ACTIVITY: In the records below, reproduce exactly the lines from the one containing "USA flag embroidery digital font." through the one containing "JCSTK - CandyMan", both included, and omit the pictures.

EXERCISE DATA:
= = =
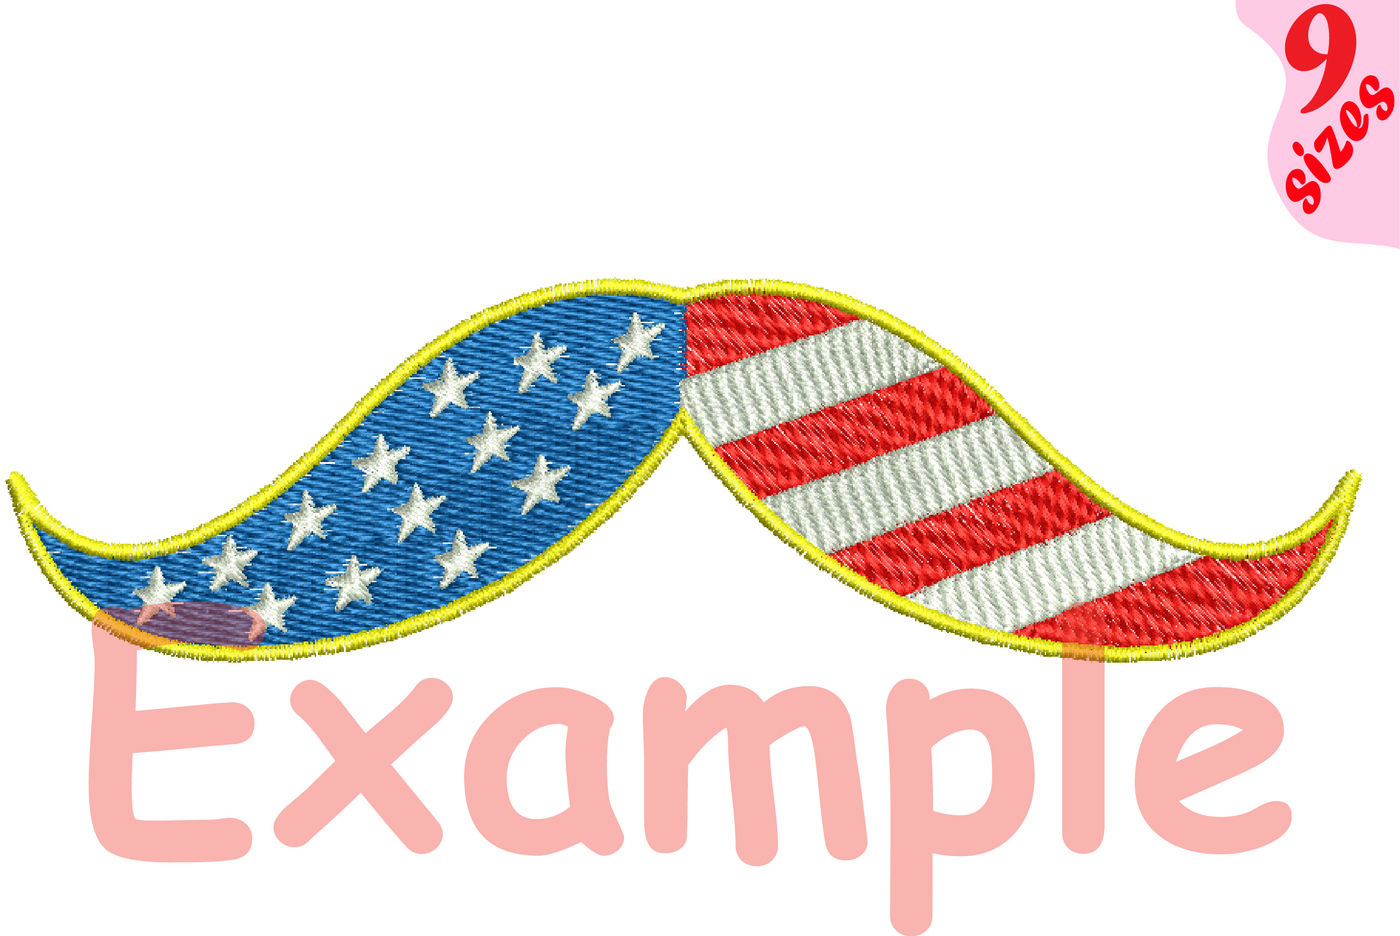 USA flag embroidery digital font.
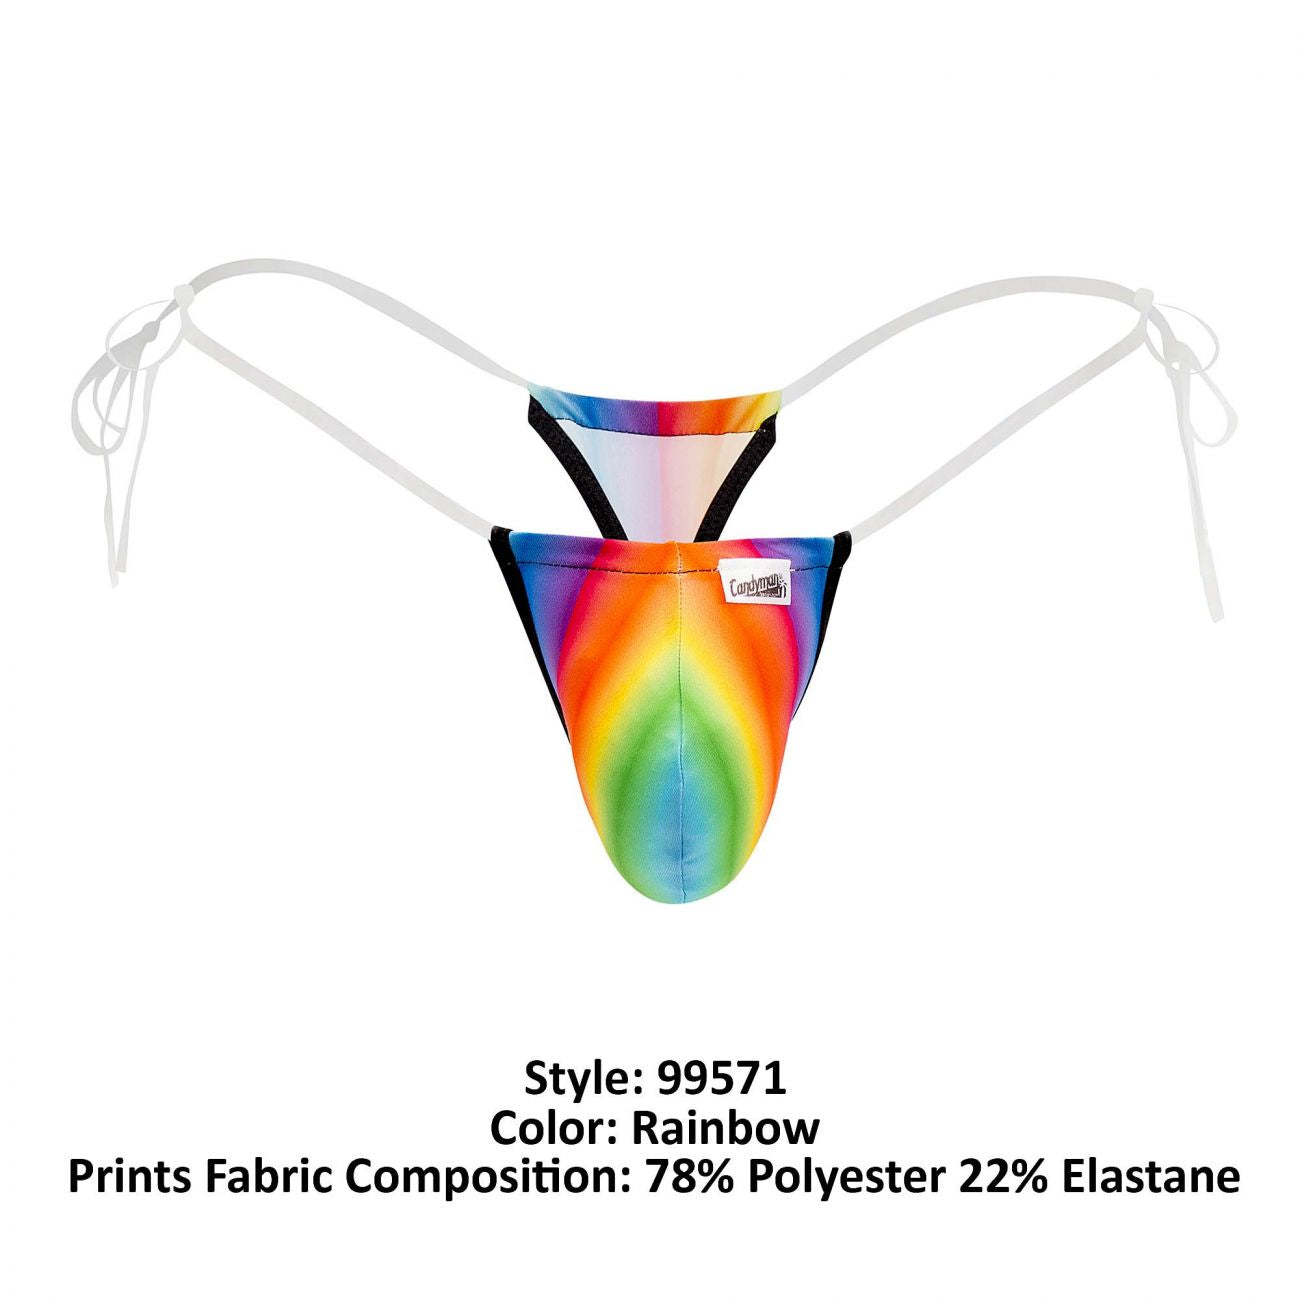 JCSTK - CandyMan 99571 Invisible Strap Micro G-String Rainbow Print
= = =
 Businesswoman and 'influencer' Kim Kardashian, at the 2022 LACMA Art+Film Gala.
= = =
RESULT FOR THIS TASK:
 USA flag embroidery digital font.
 JCSTK - CandyMan 99571 Invisible Strap Micro G-String Rainbow Print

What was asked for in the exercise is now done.